1. How to prepare for the finals?
There are two parts of judging: the written part, and the physical presentation, either online or in person. And both of them need to be dealt with differently. This is how I do it; in any given situation, I used to have five to seven (maximum) entries that I would assess. So, before scoring, I read each entry twice to tell me which is a stronger story and which is a stronger case. If you go question by question, the story is breaking, so I read it as a story.
I make sure that the story is very clearly written and relevant to the subject; I make sure that all the answers are related to the topic. Secondly, every result should be backed and presented by facts. If someone says I’ve improved my NPS, I want to see the scores. I want to see the scores of at least the last couple of years just to see a trend. And then, they need to relate why the scores were improved. So, you need to be clear that if you’re scoring something, there has to be a fact behind it.
Also, do not judge the entries according to global standards; judge the entries according to each other. So, if I have five entries, my job as a judge is to judge these five and find the best out of them five. I’m not trying to find the best in the world, but the best of these five. The example that I always give: if you have a race of five runners, whoever wins the race, wins. Read all the entries first, two times, then score, and then evaluate, and you should be very clear about who the best is in your mind.
2. How to perform at your best during the presentations?
Join the presentation with zero preconceived notions. I have already judged the written and know who’s the best in my written. But, to my surprise and in my experience (over 30 years), I’ve seen some of the worst presentations with the best-written entries, and some of the best presentations with the worst-written entries. So both of them are different. If you’re judging physically or online, make sure you know about the companies but don’t have a preconceived notion. This is a new day, a new presentation, and you have to judge them according to what you will see now.
Also, listen to the presentation. What am I listening to? If somebody says I have done a great job, it needs to be backed by facts: there should be facts and pictures, videos, and passion. I’m looking for passion, presentation style, and who’s presenting. Look at the material, make sure that you know the company has achieved what they are talking about. And since you’ve already done the written, you will know if there is a match or a mismatch.
3. How to know what to ask in the Q&A session (after the presentation)?
You can only ask a question if you are attentive if you’re listening. So, if you’re sitting there and just watching, and you’re not taking your notes, you will not be able to ask a question. Also, if someone says We did an amazing job, I go back and ask – how? So, a question needs to be something that is now clear, that will make them think and give you more facts. An intelligent question can totally change your mind. If you’re unclear about something, you ask a question, and you get the clarity, and you say – okay, now I can score properly because now I have all the information I need.
Ask for things that are missing. So, your question needs to be something that is missing or something that can add value to the presentation that’s already been done.
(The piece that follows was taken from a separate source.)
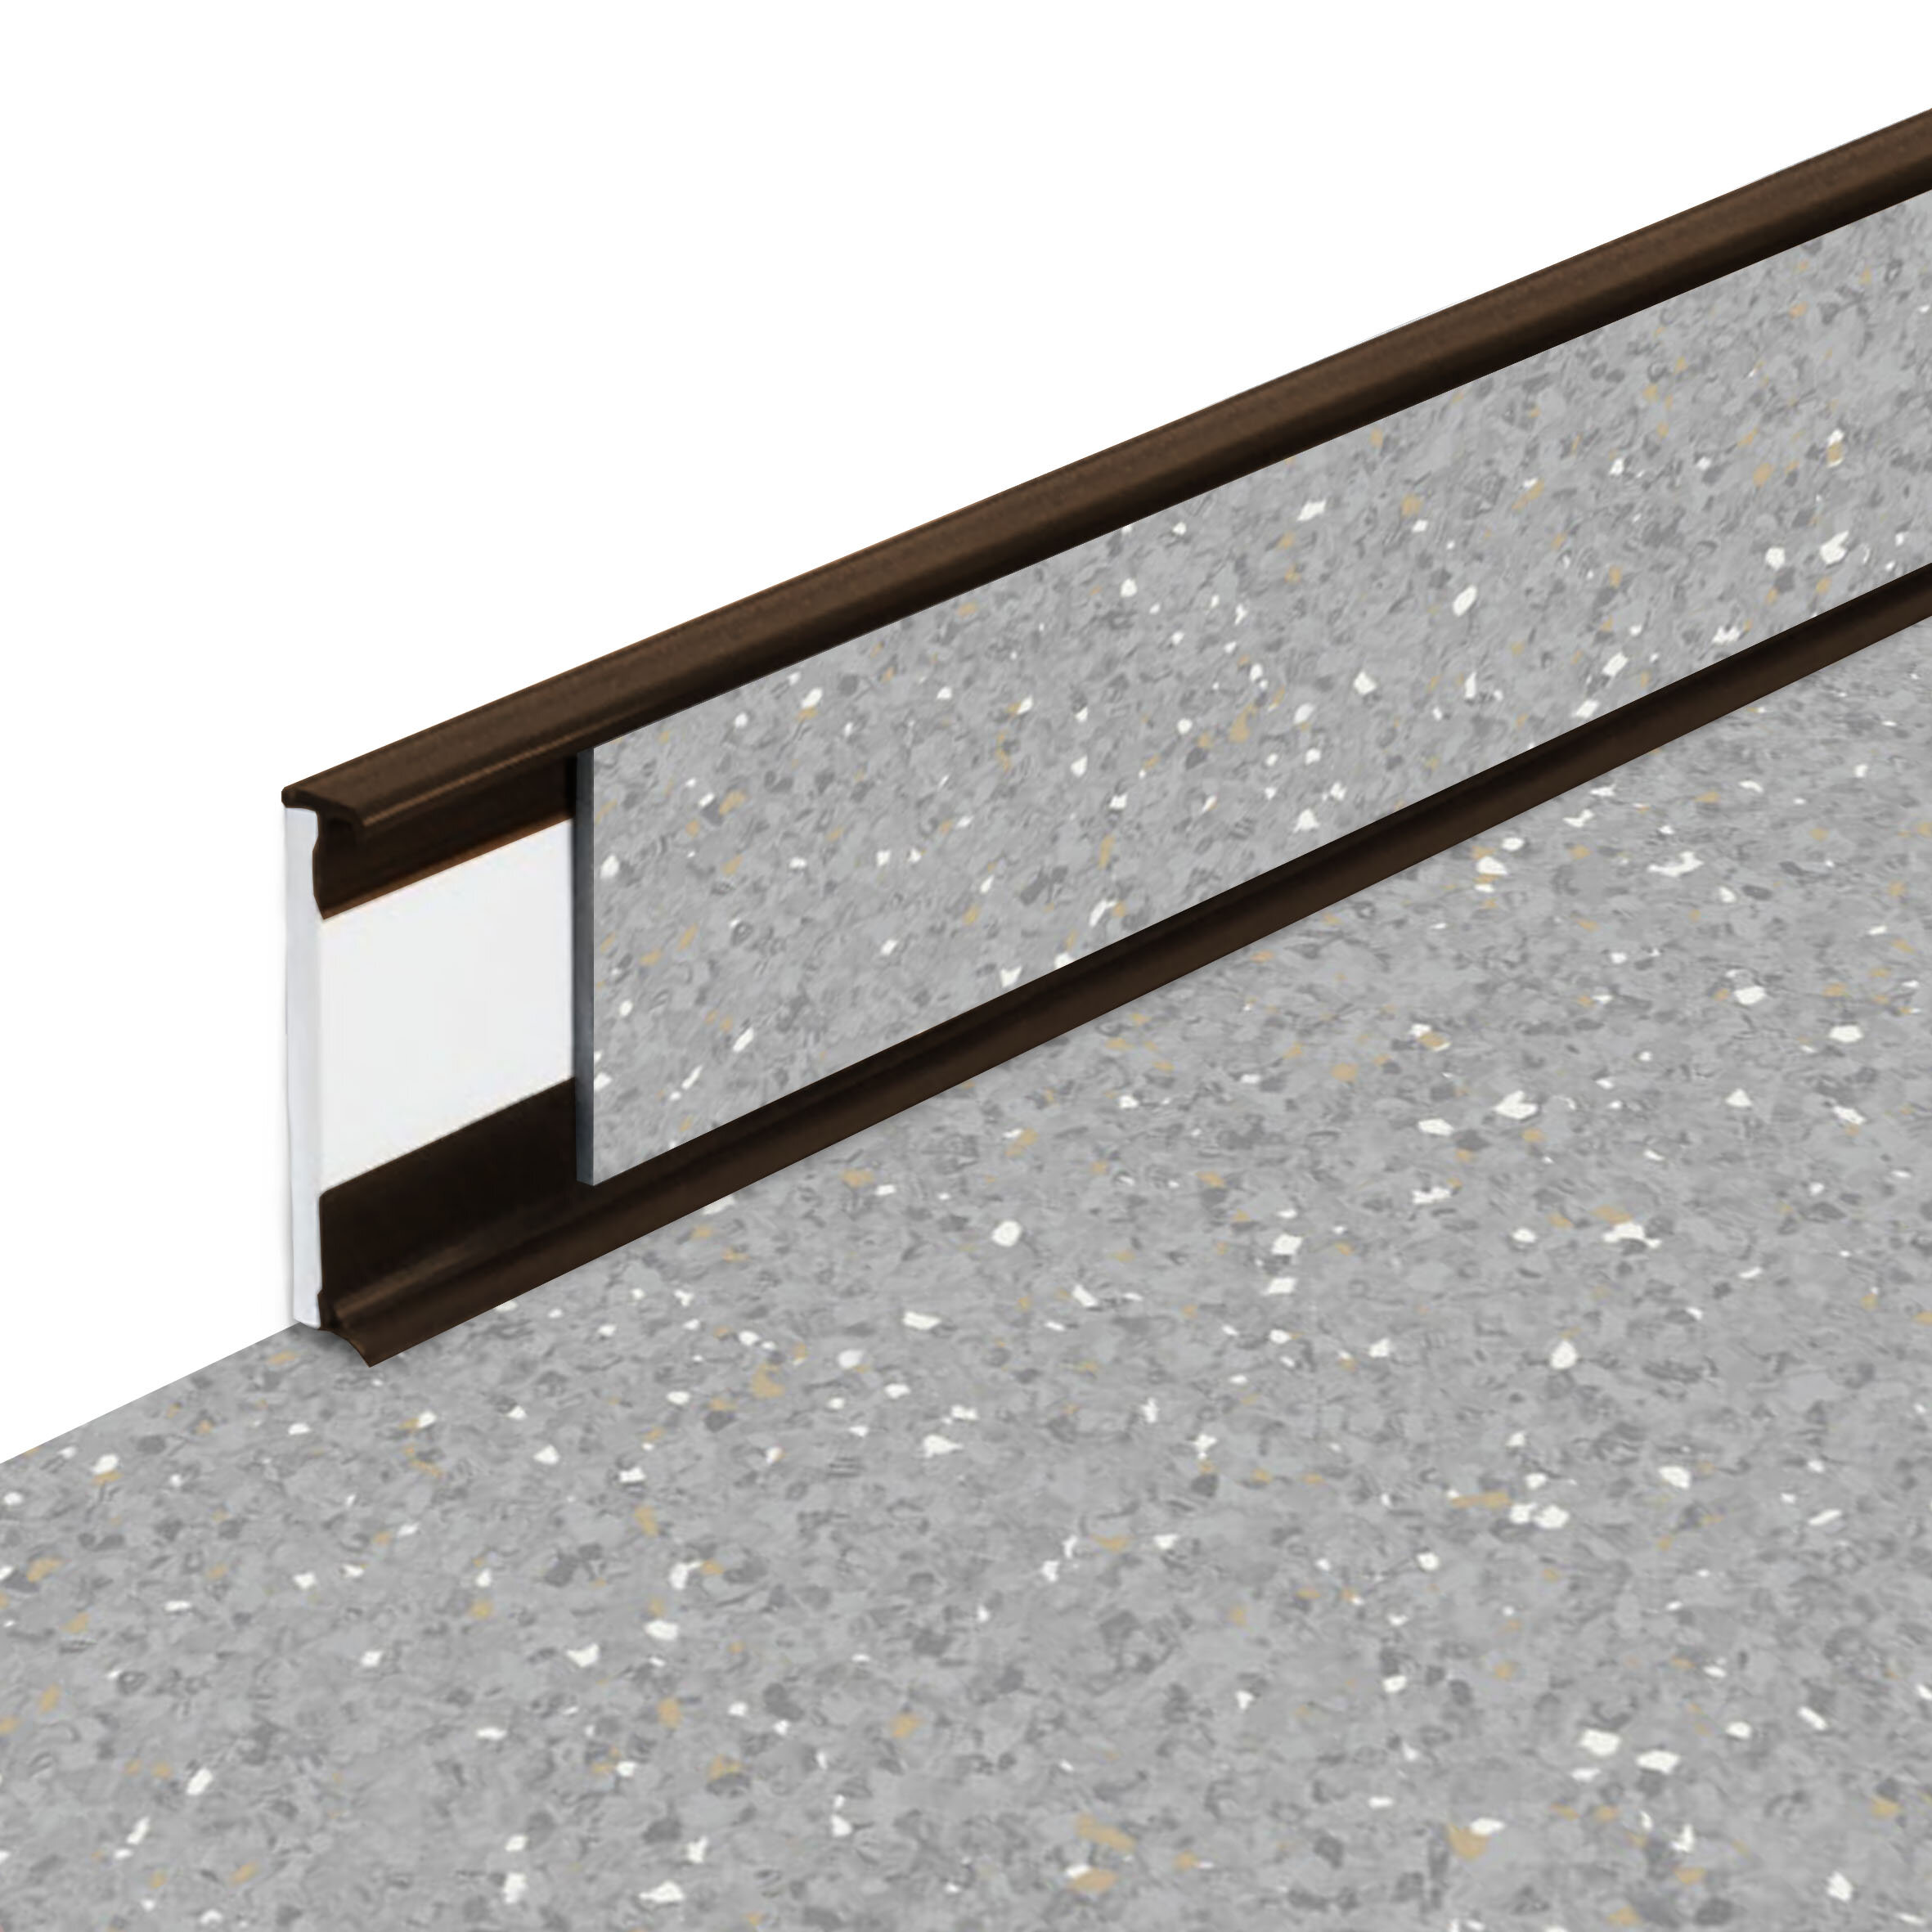 PVC vinylová soklová podlahová lišta Fortelock Business Sauda hidden treasure G002 brown - délka 200 cm, výška 5,8 cm, tloušťka 1,2 cm

Don’t ask a question for the sake of it; judges know it, we all know it, and the people presenting will also know you are asking a question for the sake of asking.
4. How to summarise the initiative in the Feedback Report?
What is the importance of this summary? Let’s be clear: the summary is not going to win or lose the award; the award is won or lost on the score, not on the summary. But we, as judges, should add value in the report because it goes directly to the company. I try to put my comments of what was good and what was bad.
So, if the numbers are missing, if the facts are missing, I just write: the facts are missing, I have nothing additional to score or I wish they would have given me an analysis to see how the numbers improved; I could not see that. The improvement may be one per cent, which is nothing, and there comes another company with improvement of twenty percent. Or, if there was something good, I write that the facts are there, they did I did a great job. My suggestion is to write it with bullet points instead of writing it as a paragraph. Whatever you write in there, think from the perspective of the company or the organisation that can learn something from it and improve or keep doing the same.